加缪 在《局外人》中说,我一直琢磨不透,日子怎么能既漫长又短暂。
是啊!长风四起,日子怎么能既漫长又短暂呢。漫长到无终无了,无边无际的复制粘贴,短暂到还没有认真的年轻过,已经是青丝变白头。
人是如何变老的呢?史铁生说:“衰老不是一场突然的暴雨,而是一场漫长的潮湿。”
到深圳快三个月了,以后大概率会常驻这里了。

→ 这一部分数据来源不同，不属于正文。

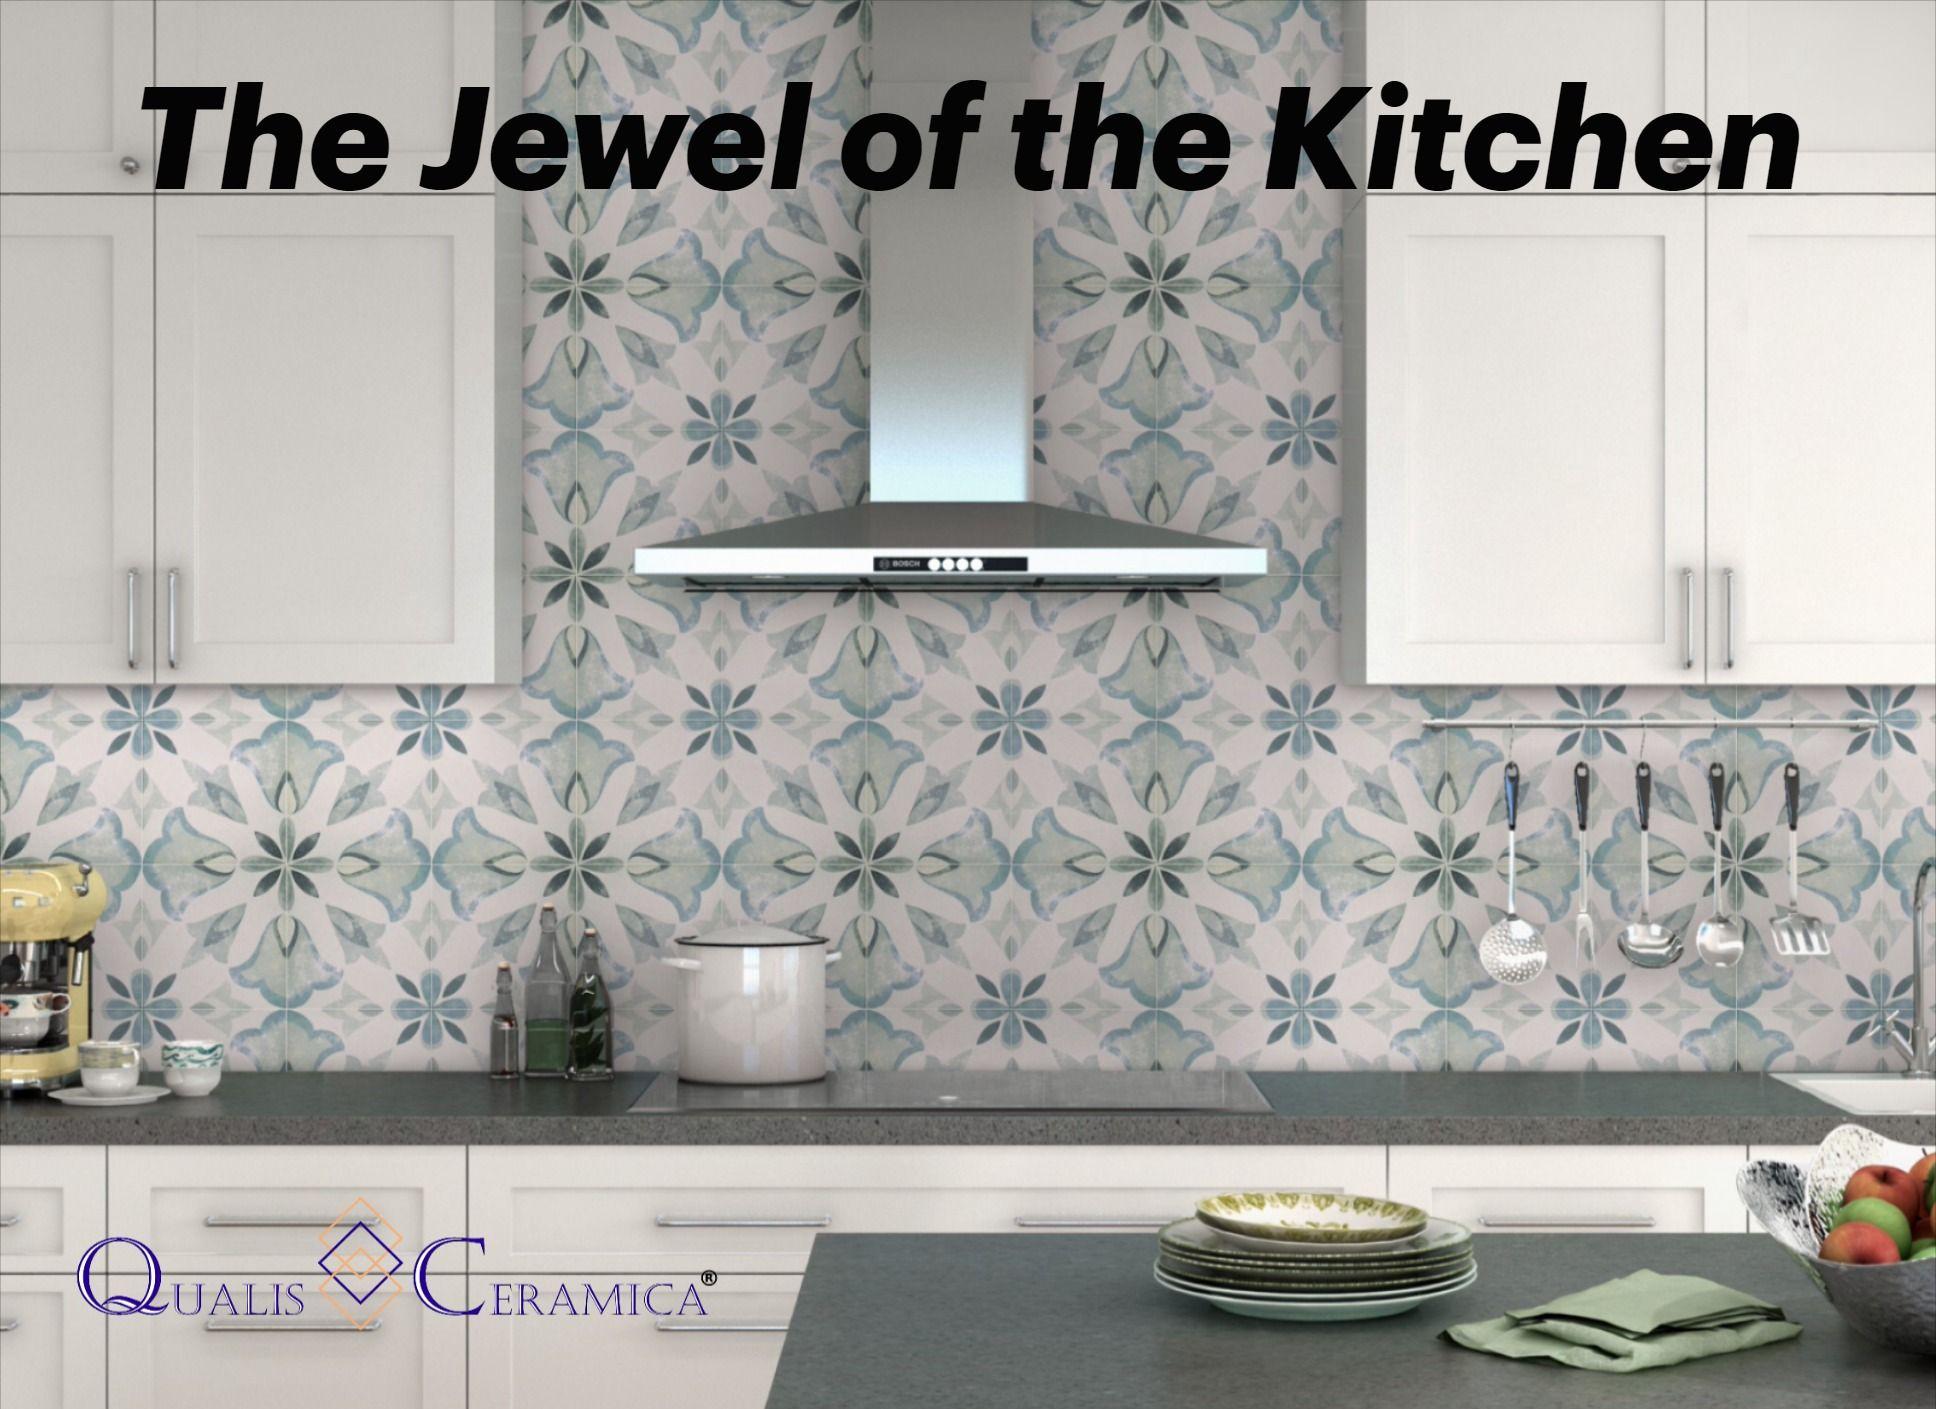 Kitchen Backsplash Tile Ideas Qualis Ceramica Tapestry Lisbon 9x9 Porcelain Cement Look Shower Wall Tile Kitchen Tiles Backsplash Unique Tile

这座现代化的大都市与我己然不再陌生,但我知道自己永远不属于这个地方。
深圳的家里请有育儿师,我负责张罗家里的柴米油盐,因此开始频繁光顾华富菜市场,它位于家旁边,步行过一个红绿灯,只需不到二十分钟的路程,当然,如果骑电动车也都几分钟就可到达。
华富菜市场很南方。我们看到的是不同于河南的一种烟火气。
在这里,我见识了各种各样我见所未见的海鲜水产品。
在湿漉漉的大棚子下面,有面积很大的海鲜市场,对于一个土生土长的河南人来说,那些海产品长得样子真是既稀奇又古怪,有鲜活的也有冷冻的。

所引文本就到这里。